**INSTRUCTIONS TO FOLLOW**
Each line below must be reproduced exactly as it stands. Pictures stay out of the copy.

**DATA EXTRACT**
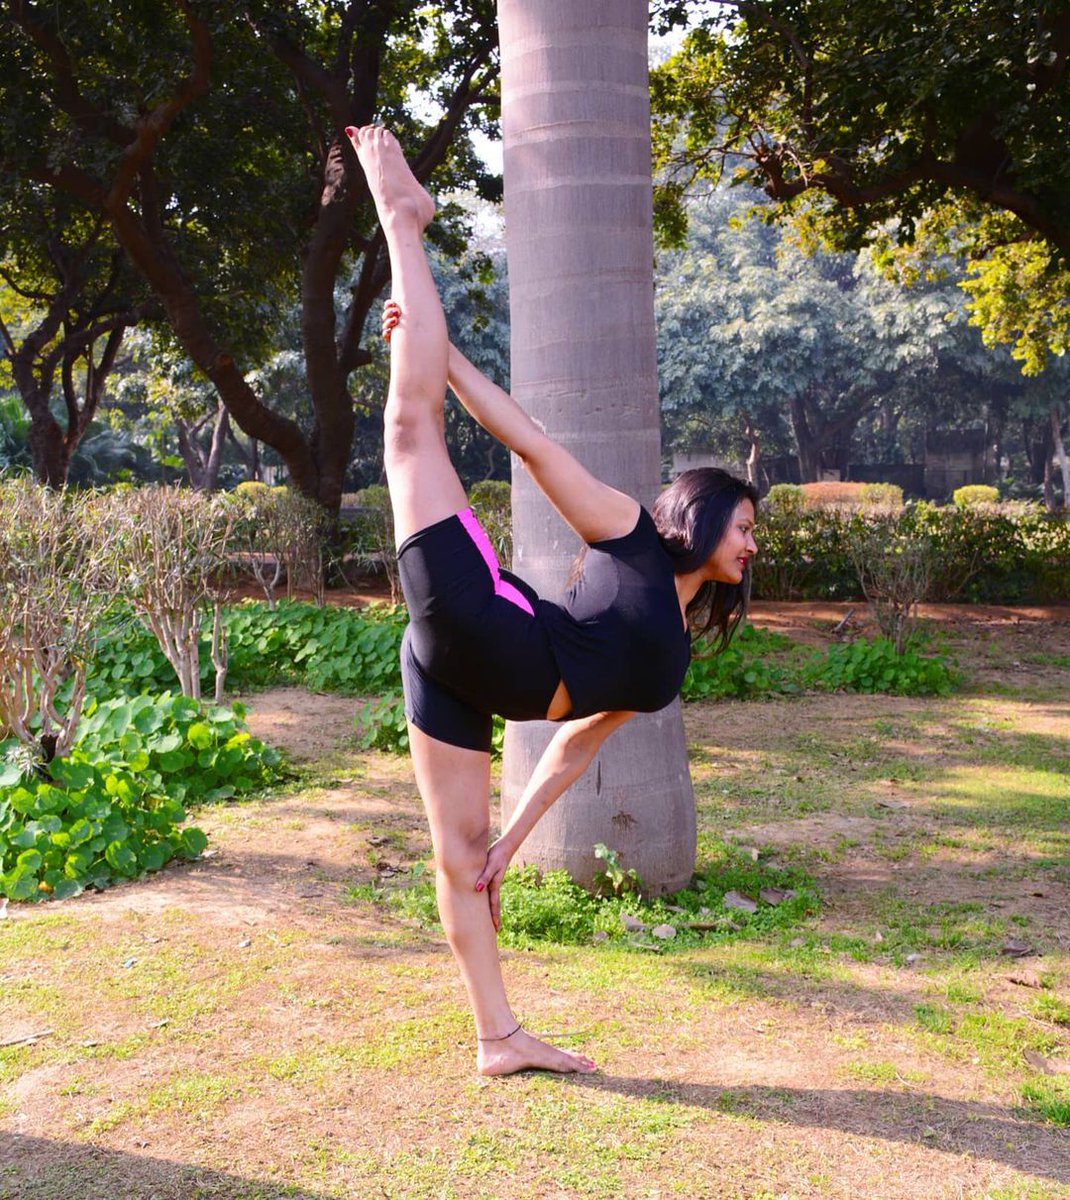 🔗 View More >> hana.fit/yoga/divya-agg…
------
#advanceyogini #advanceyogis #beyourself #fitnessfam #flexiblegirls #flexwithjessie #holi #instagram #instareelsindia❤️ #legstrength #myyogamylife #myyogapractice #natraj #outdoorshoot #practice #promoteindianyogis #strechhamstrin...

**RESULT**
 🔗 View More >> hana.fit/yoga/divya-agg…
------
#advanceyogini #advanceyogis #beyourself #fitnessfam #flexiblegirls #flexwithjessie #holi #instagram #instareelsindia❤️ #legstrength #myyogamylife #myyogapractice #natraj #outdoorshoot #practice #promoteindianyogis #strechhamstrin...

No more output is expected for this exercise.